“A pandemia escancarou os excluídos”, diz Coordenador Nacional da Pastoral Operária
Por Catarina Barbosa
Do Brasil de Fato | Belém (PA)
“Vida em primeiro lugar” é o tema do Grito dos Excluídos deste ano, com o lema é “Basta de miséria, preconceito e repressão. Queremos trabalho terra, teto e participação”. A mobilização, realizada tradicionalmente no dia da Independência do Brasil, chega a sua 27º edição nesta segunda-feira (7).

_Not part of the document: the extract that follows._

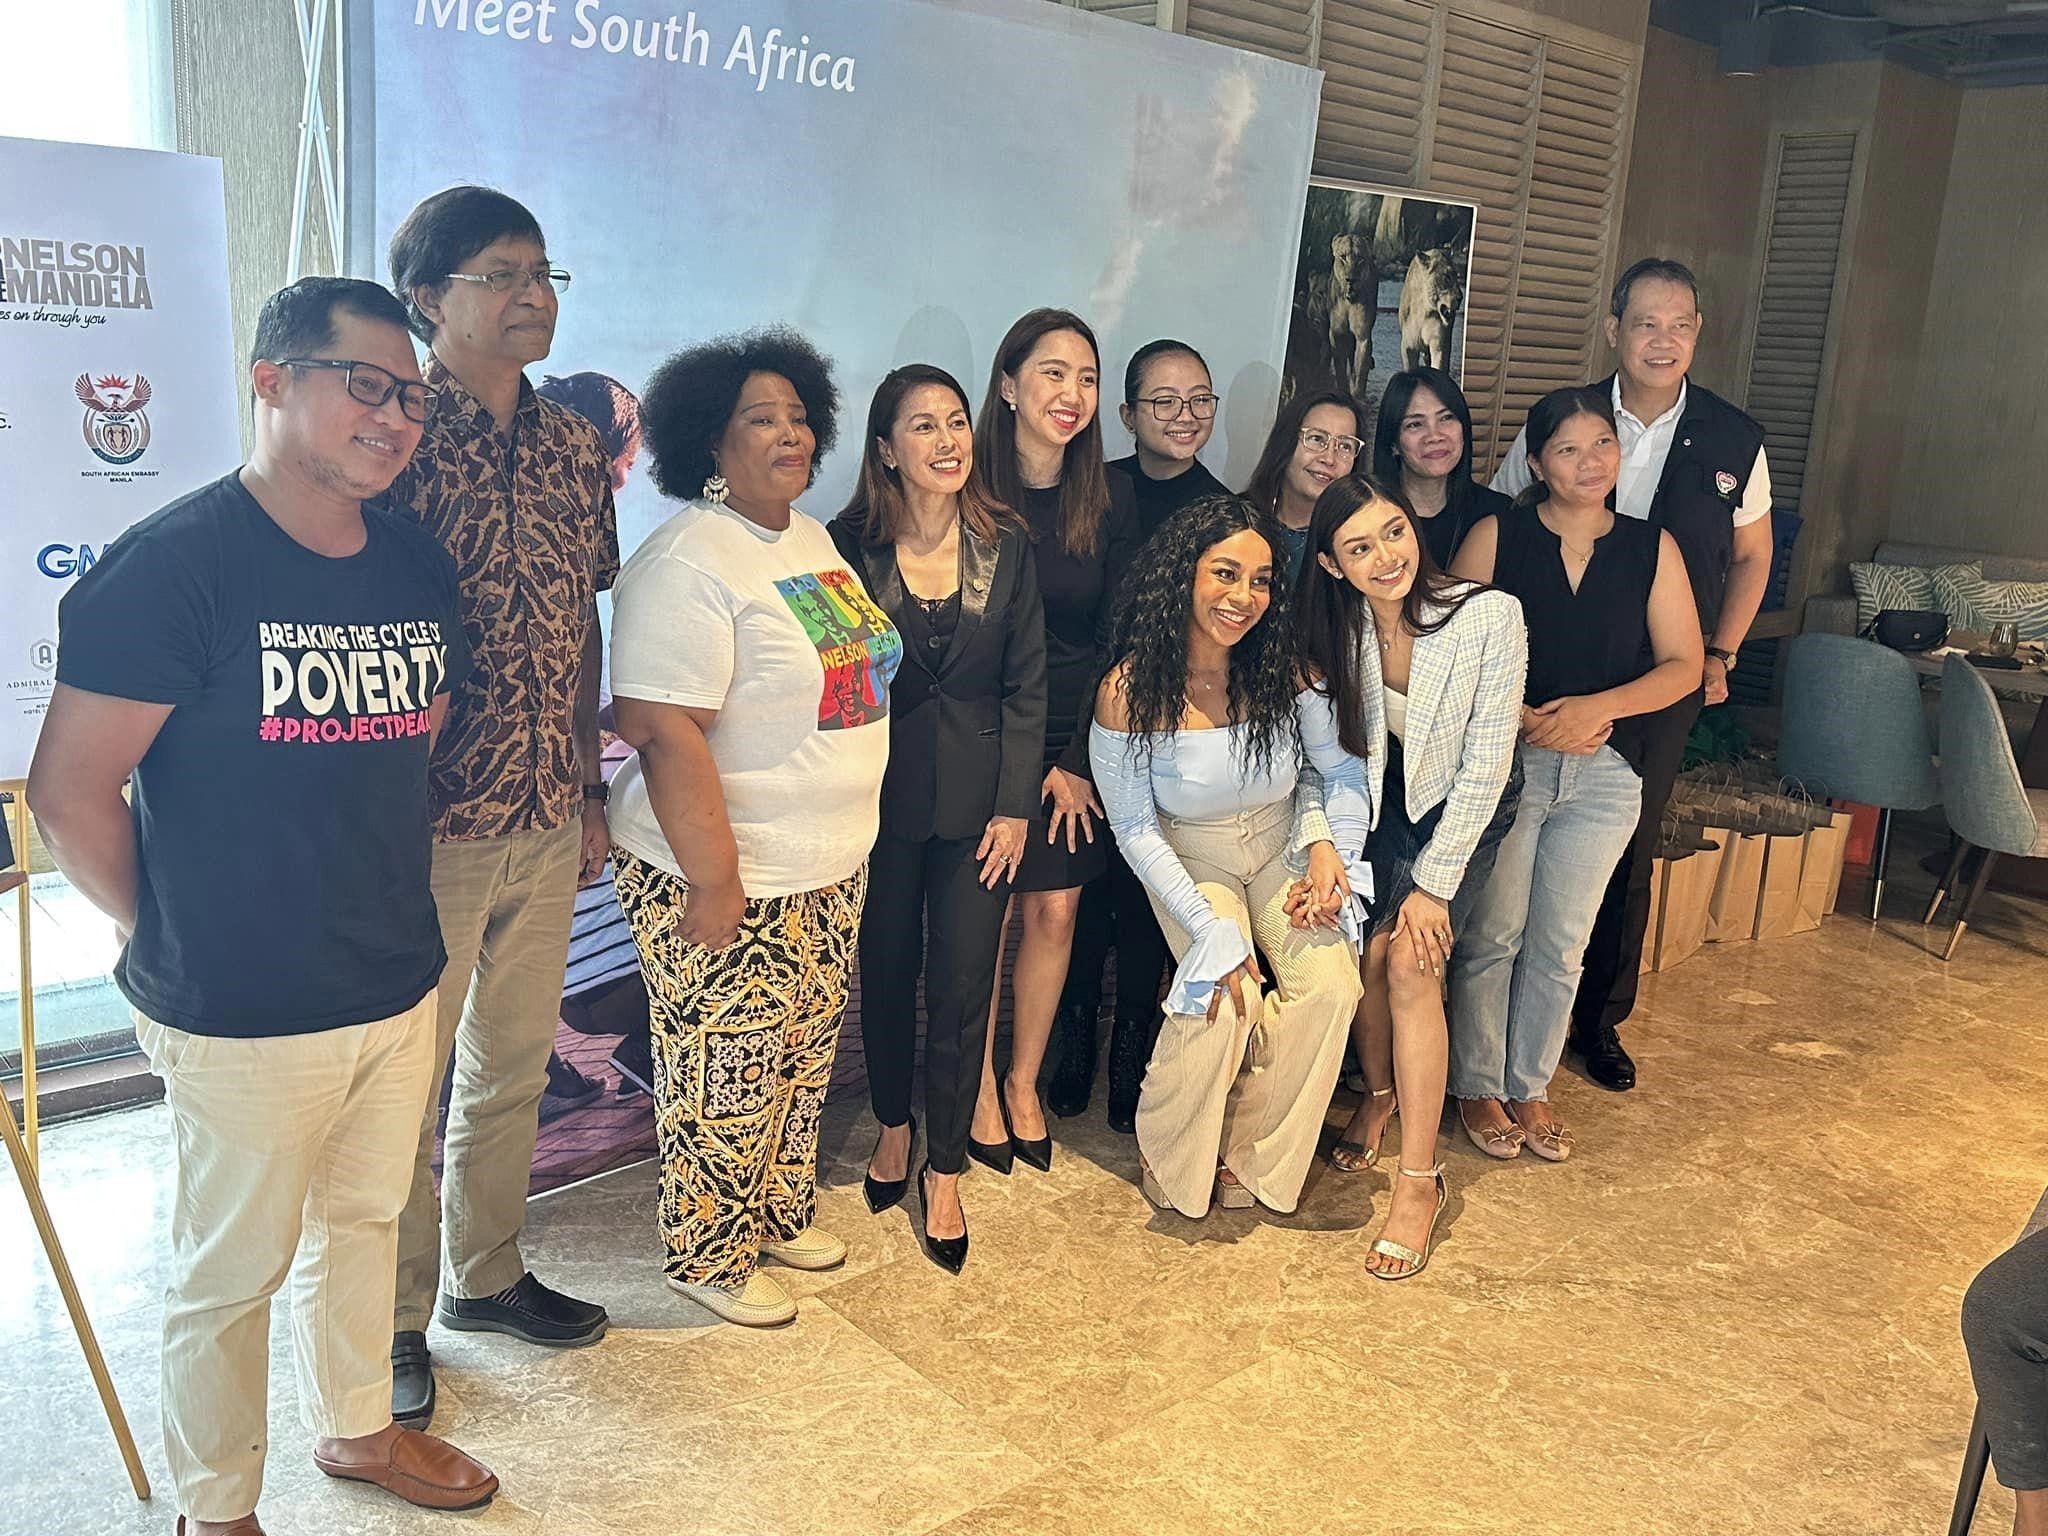 KACH, TWOMONKEYSTRAVEL CELEBRATES THE 2023 NELSON MANDELA DAY WITH THE SOUTH AFRICAN EMBASSY, MANILA LAST EIGHTEENTH OF JULY

A mobilização popular é realizada em vários cantos do Brasil e tem relação com o tema da campanha da fraternidade da Confederação Nacional dos Bispos do Brasil (CNBB).
O Brasil de Fato convidou Jardel Neves Lopes, coordenador nacional da Pastoral Operária e membro da coordenação do Grito dos Excluídos para dar mais detalhes da edição de 2020, que será realizada em meio a pandemia. Confira abaixo a entrevista.
Brasil de Fato: Jardel, quem são os excluídos de hoje?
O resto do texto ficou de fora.